You’ve taken the initial steps to get your company launched. Now it’s time to decide what type of office space you’ll need, and where. What kind of environment will fulfill your needs and be conducive to employee growth? Mark C. Crowley, a colleague of mine, is a speaker, author, and leadership consultant who attended the Dive! Innovation Conference in Rennes, France this summer. At the conference, he shared some insight from Mark Catchlove, director of knowledge and insight at Herman Miller, a furniture design business. Essentially, people have six fundamental needs they seek to meet through work:

1. Feeling Of Achievement. We strive to feel a sense of mastery in our accomplishments.

2. Autonomy. We seek freedom in our actions and decisions and desire to no longer work in one place eight hours a day.

3. Belonging. We are tribal, social beings who require a meaningful connection with other people. Given the importance of work in our lives, we seek strong bonds with colleagues.

4. Sense Of Purpose. We want to make a meaningful difference and knowthat our work matters.

5. Sense Of Security. We desire health and physical safety, but also “social security”— the need to feel connected to a team.

6. Status. We seek to be respected and appreciated for our work and to have a working environment that inherently esteems us.

It’s possible for both traditional office spaces and home workspaces to fulfill the above needs. Large companies like Google GOOGL +0.44%Apple AAPL -0.29%and Amazon invest hundreds of thousands into building unique office spaces for their employees. But what kind of office space should you commit to as a startup founder?

Utilizing investor funds or your own cash for an elaborate office buildout may not be the best option right off the bat. Based on your city, location and amenities, Class A commercial office space can come with a hefty monthly price tag. And while there are shared office space solutions available (like WeWork), they may not truly feel like your own space if you can’t leave your items there. Here are solutions for virtual workspaces that still meet the fundamental needs listed above:

Obtain A Work Mailing Address

Without an office lease, you generally wouldn’t have an office mailing address. The best option, in this case, is to utilize a P.O. box that doesn’t read like one. Most UPS and USPS stores offer monthly rentals of different sized mailboxes. They are generally addressed to wherever the store is located, and the box number shows as a suite or apartment number instead of a P.O. box. This allows you to have a “work office” address even when you don’t have one, and it can prevent strangers from showing up to your actual place of business.

At my company, we created a business mailing address for public corporate documents that allowed us to keep uninvited visitors away from our commercial bakery.

Utilize Virtual Conferencing Tools

There are plenty of free options for video conferencing, like Skype, Google Hangouts and, that allow you to work remotely and engage with team members in different cities and countries.
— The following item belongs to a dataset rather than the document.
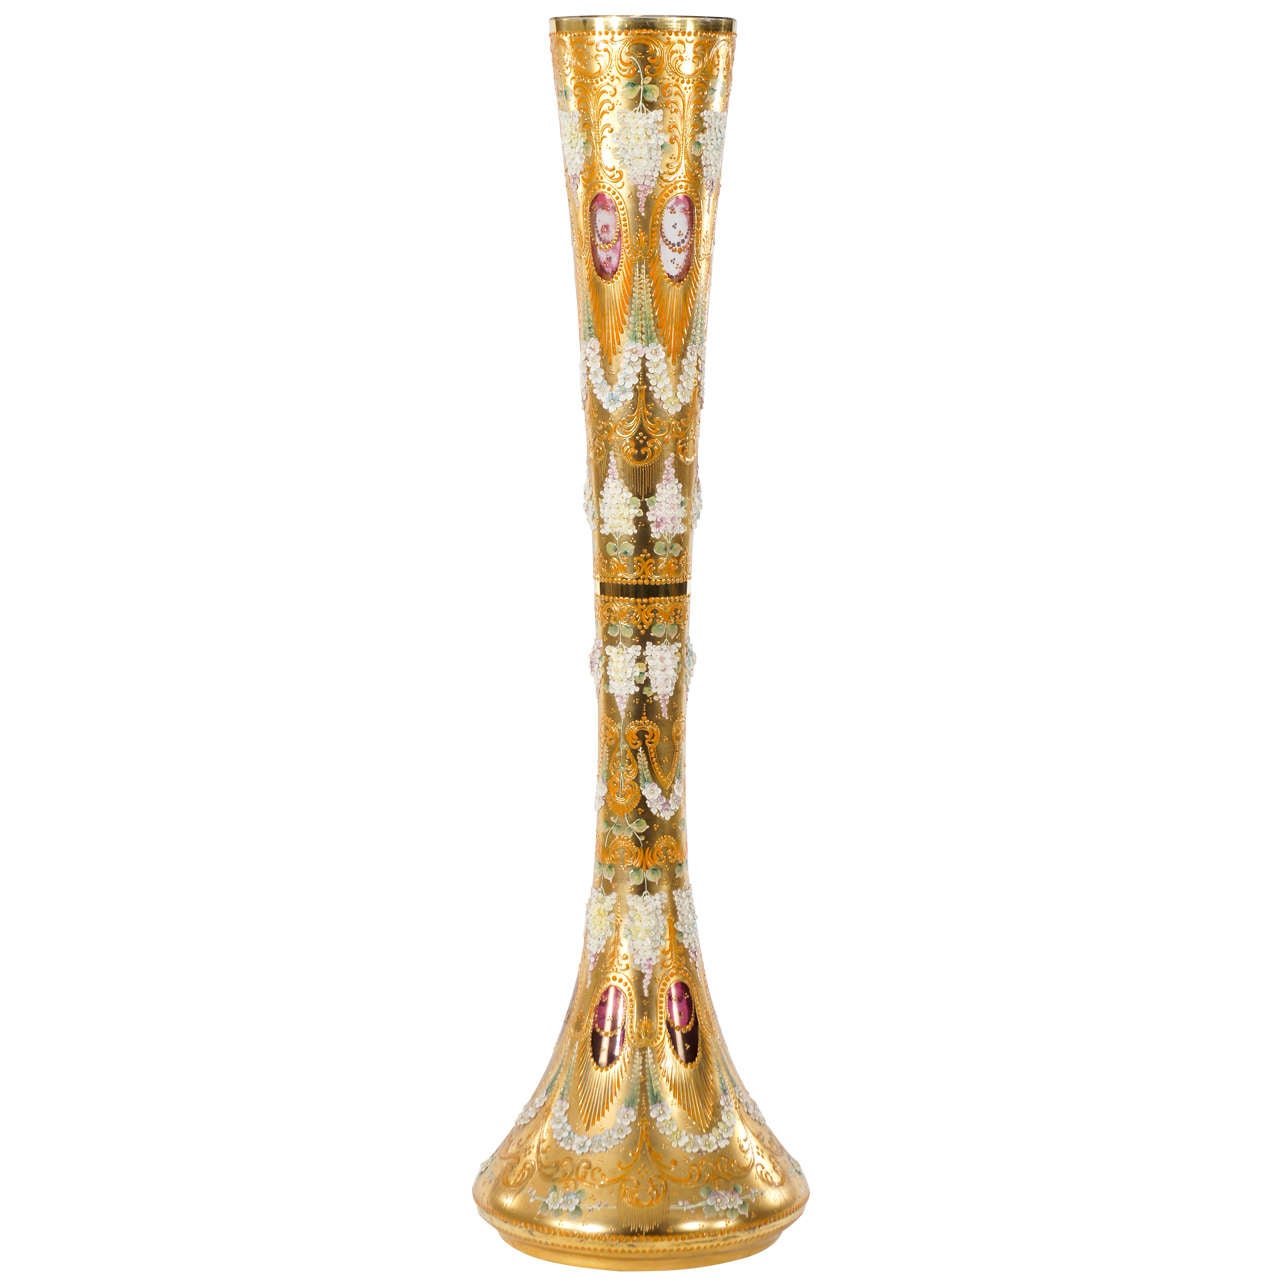 Monumental Moser Floor Vase with Porcelain and Gilt Floral Decorations
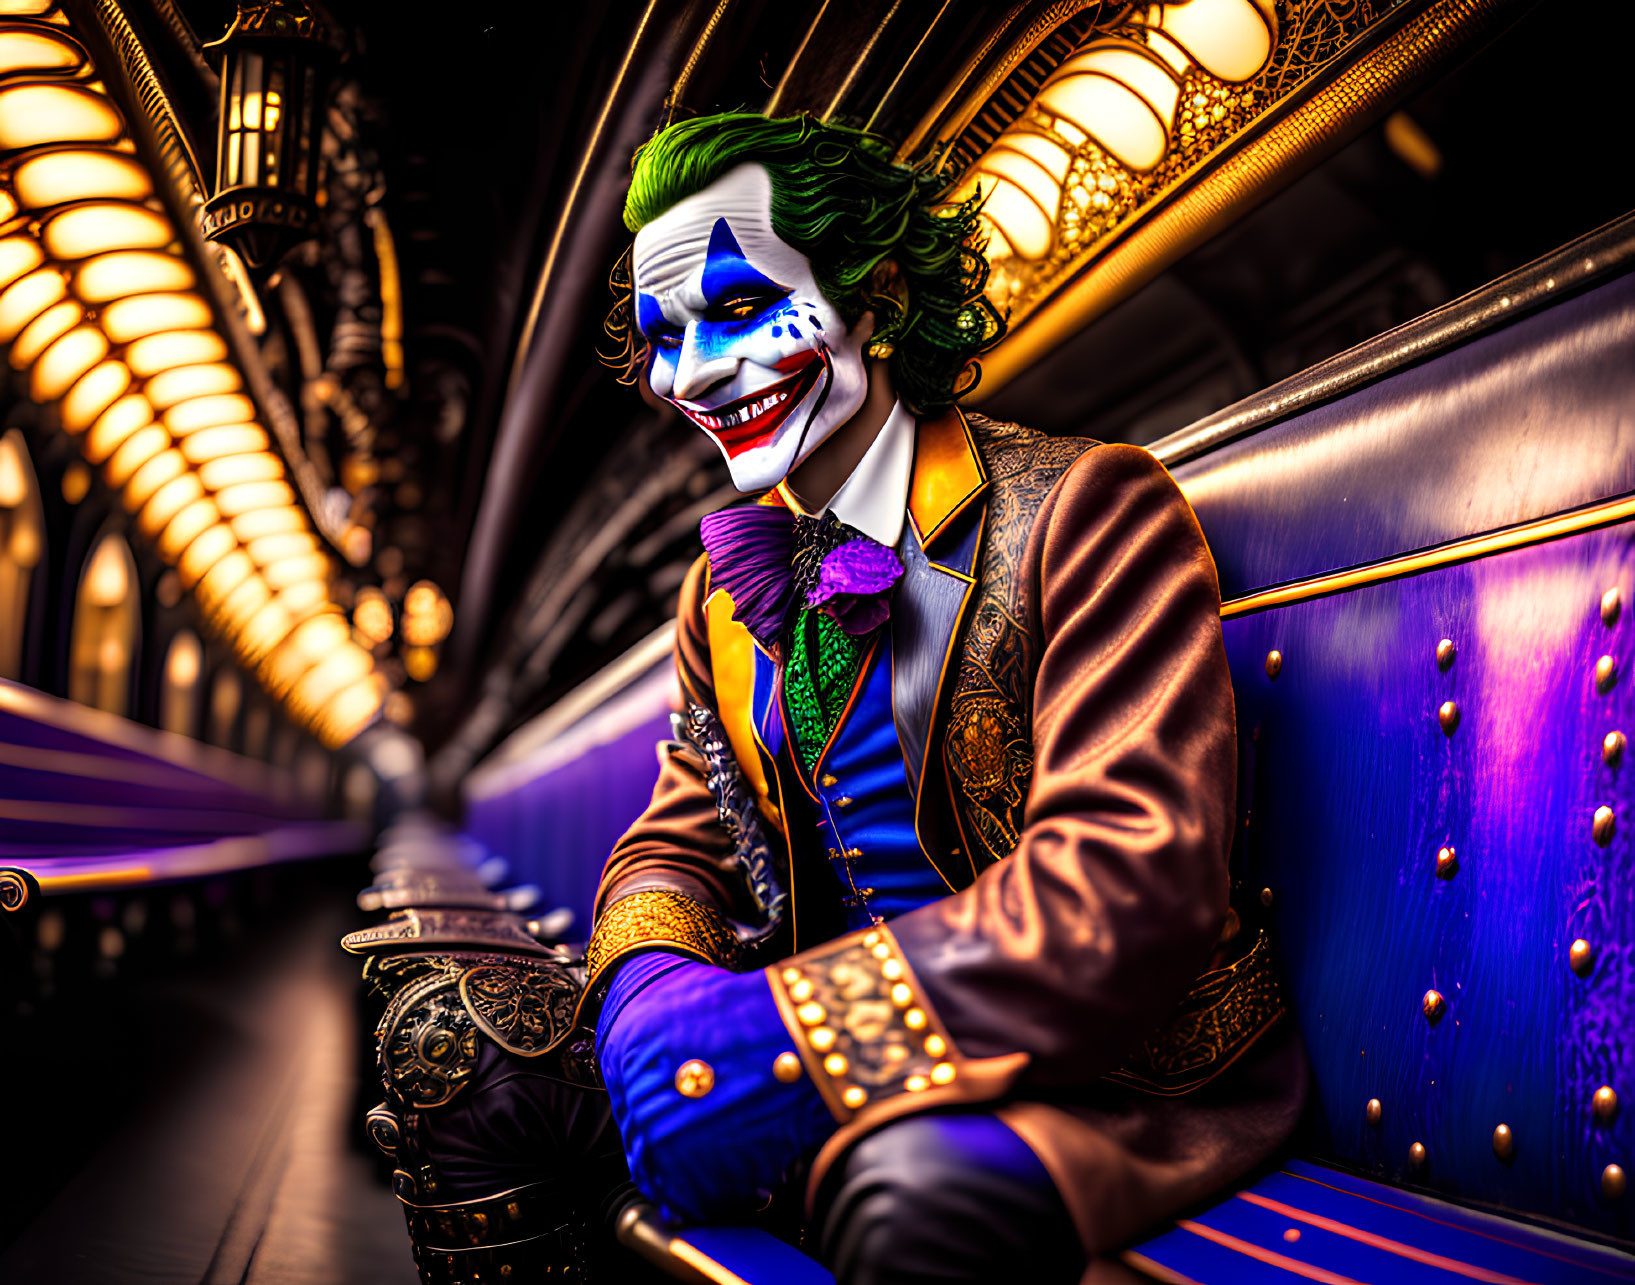 Elaborate Joker Costume in Richly Colored Interior

I find this especially helpful in my swimwear business, since part of our management team is based in the Netherlands. Weekly Skype calls are an integral part of our business.

Find Free Conference Room Options

If you have to meet with a client or conduct a presentation in a boardroom-style setting, it’s easy to seek one out. Many college campuses allow usage of their library’s conference rooms, and usually at no cost to students or alumni.

You can also investigate whether you have room usage perks through any of your current memberships. For example, I’m a member of the American Airlines Admirals Club, which gives me access to their airport lounges, work stations and conference rooms. These conference rooms are especially convenient when you have clients or colleagues flying in with a short turnaround, and they can be reserved in advance.

Office locations are always temporary, even if you have a multi-year lease. Companies grow and change, but as long as you’re aware of the fundamental needs one seeks from a workplace, you can create your own combination of traditional and non-traditional methods to achieve optimal office space conditions.